Problem statement: Write out every line below again exactly as it stands, skipping each image.

----- Data below -----

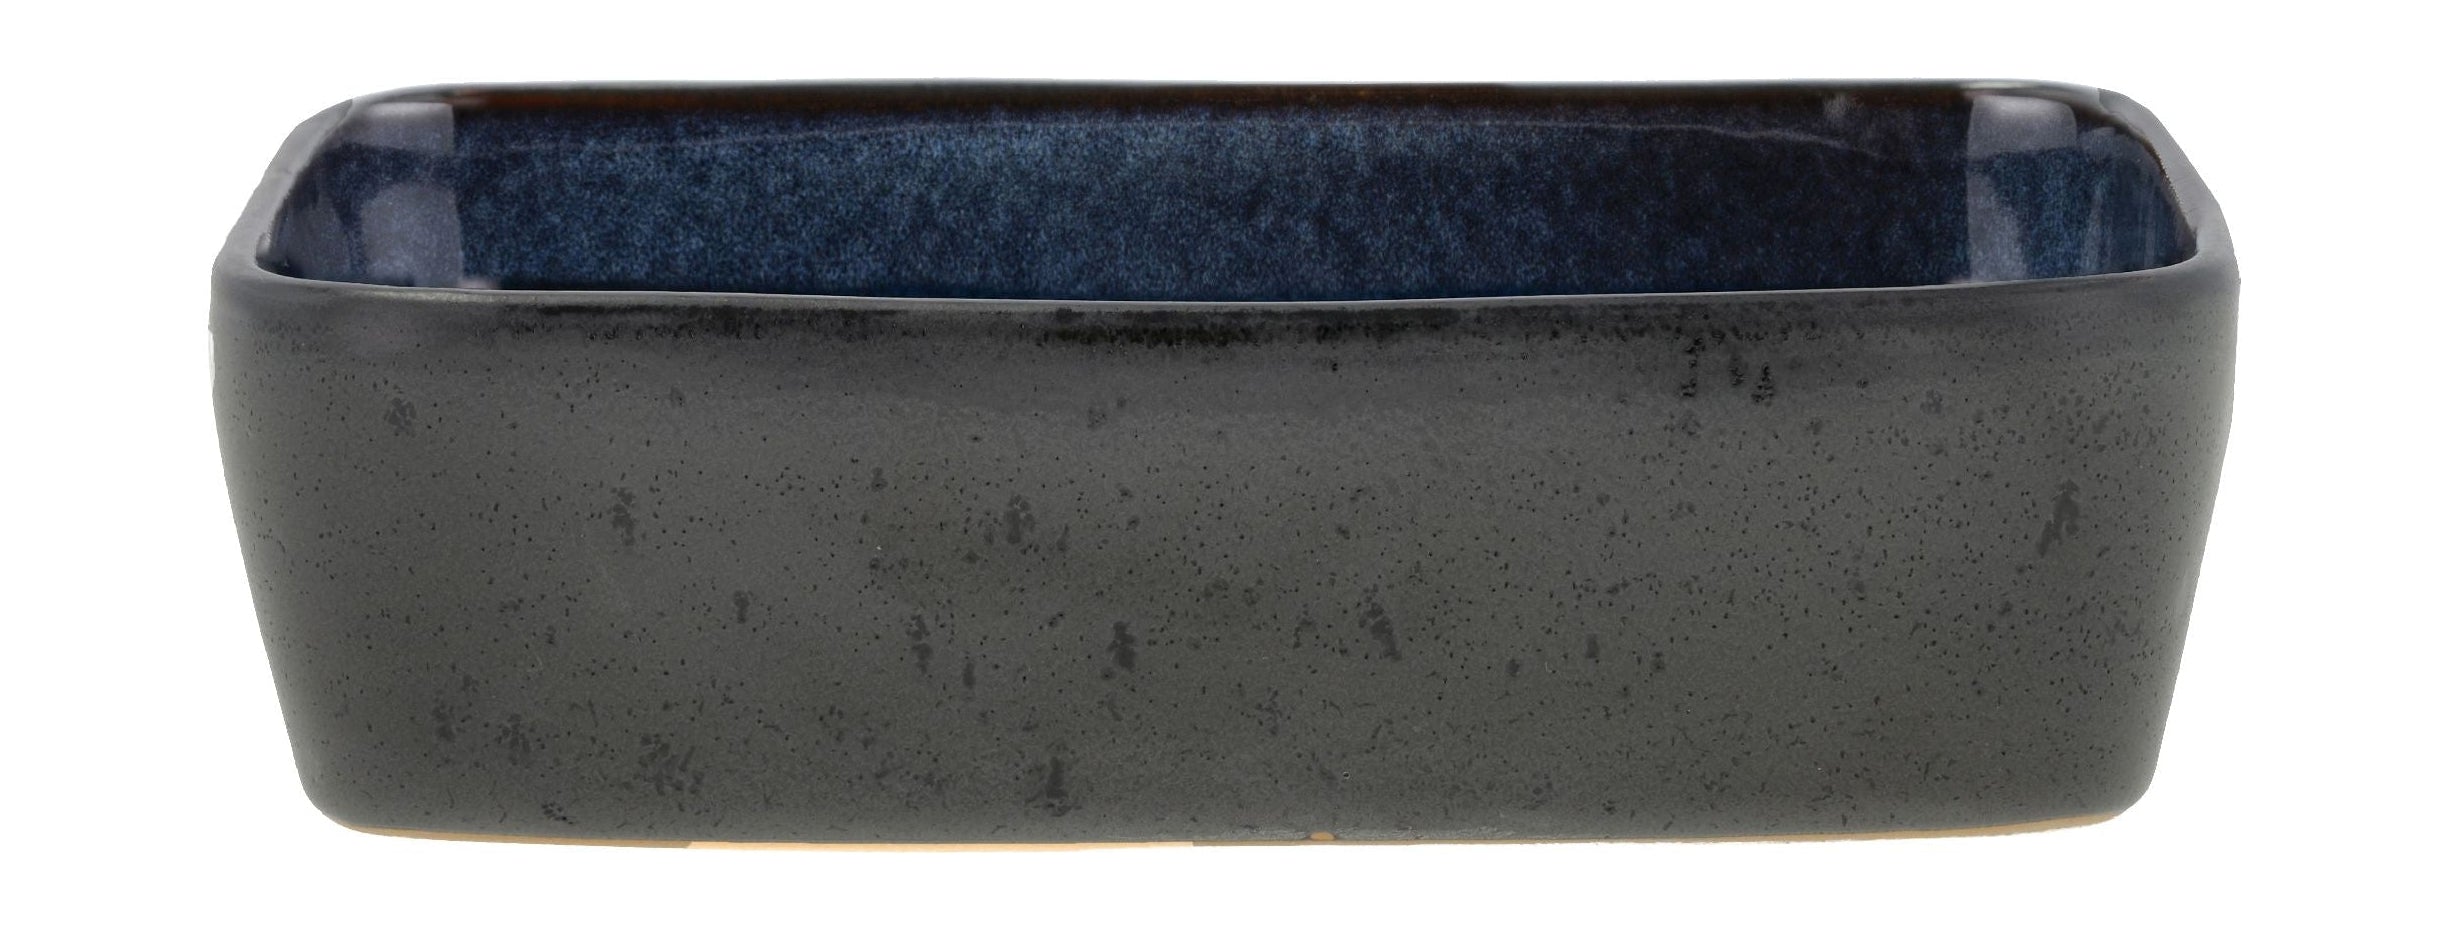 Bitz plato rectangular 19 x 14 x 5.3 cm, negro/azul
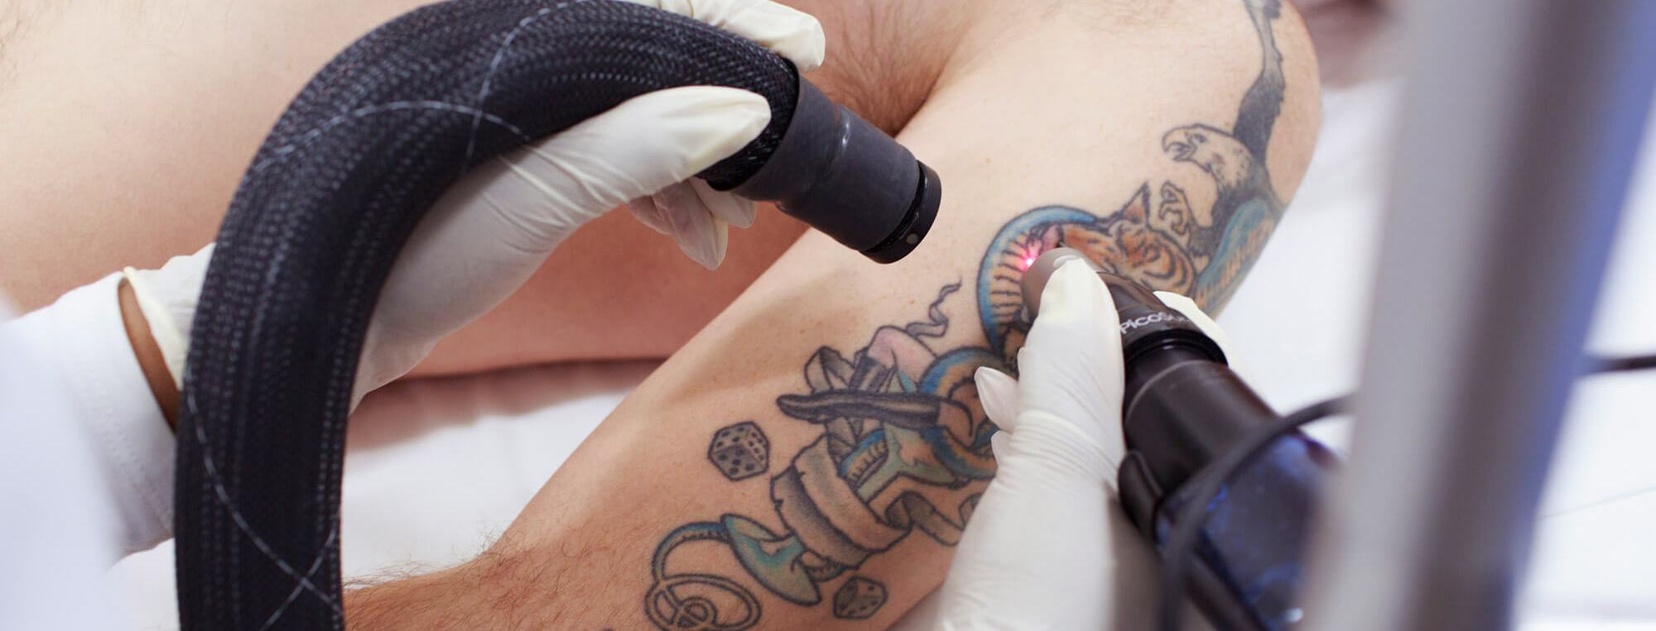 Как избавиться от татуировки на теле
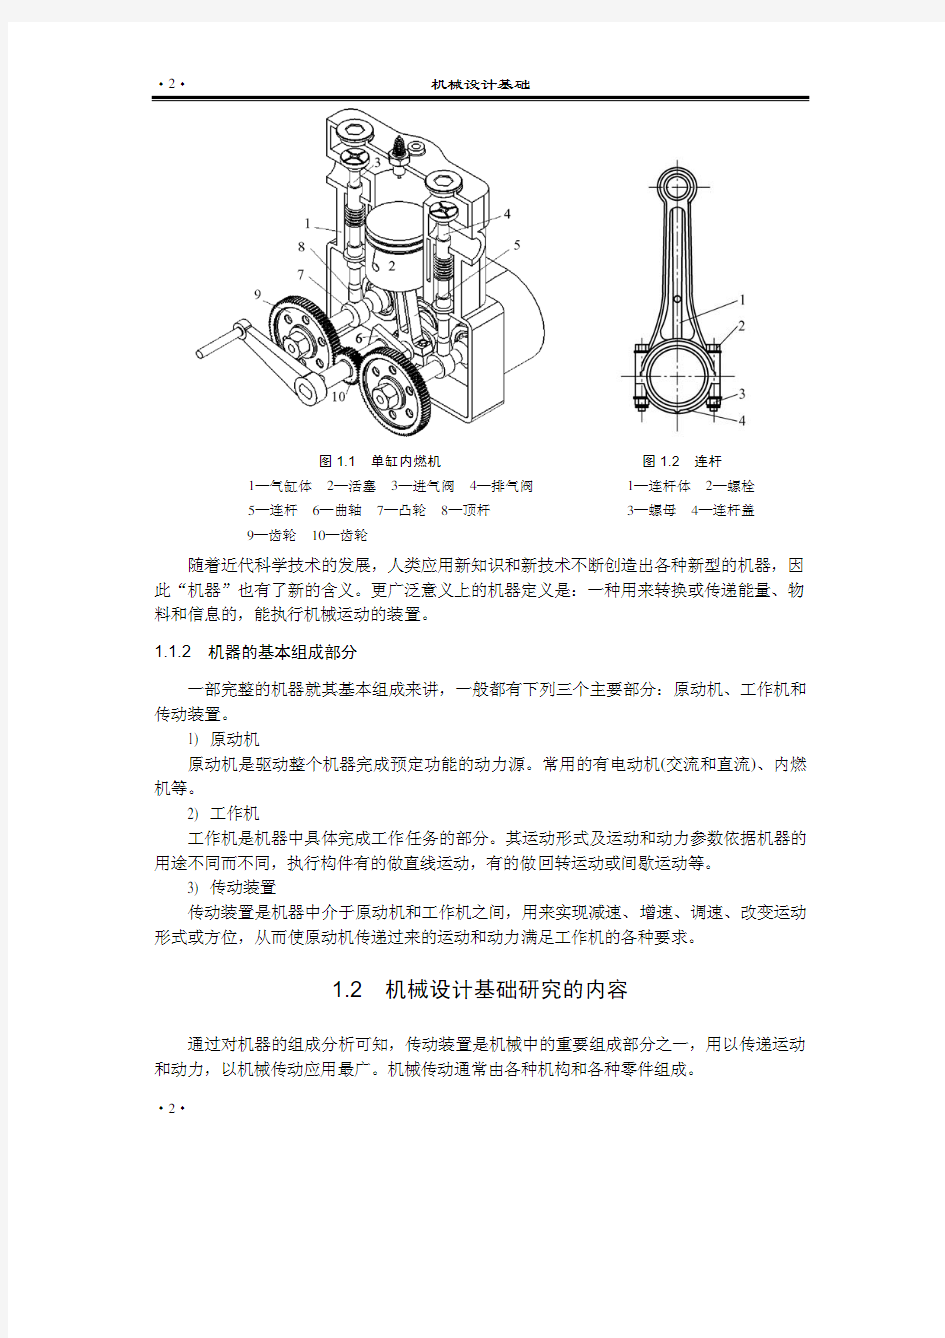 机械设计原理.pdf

-----

Expected answer:
 Bitz plato rectangular 19 x 14 x 5.3 cm, negro/azul
 Как избавиться от татуировки на теле
 机械设计原理.pdf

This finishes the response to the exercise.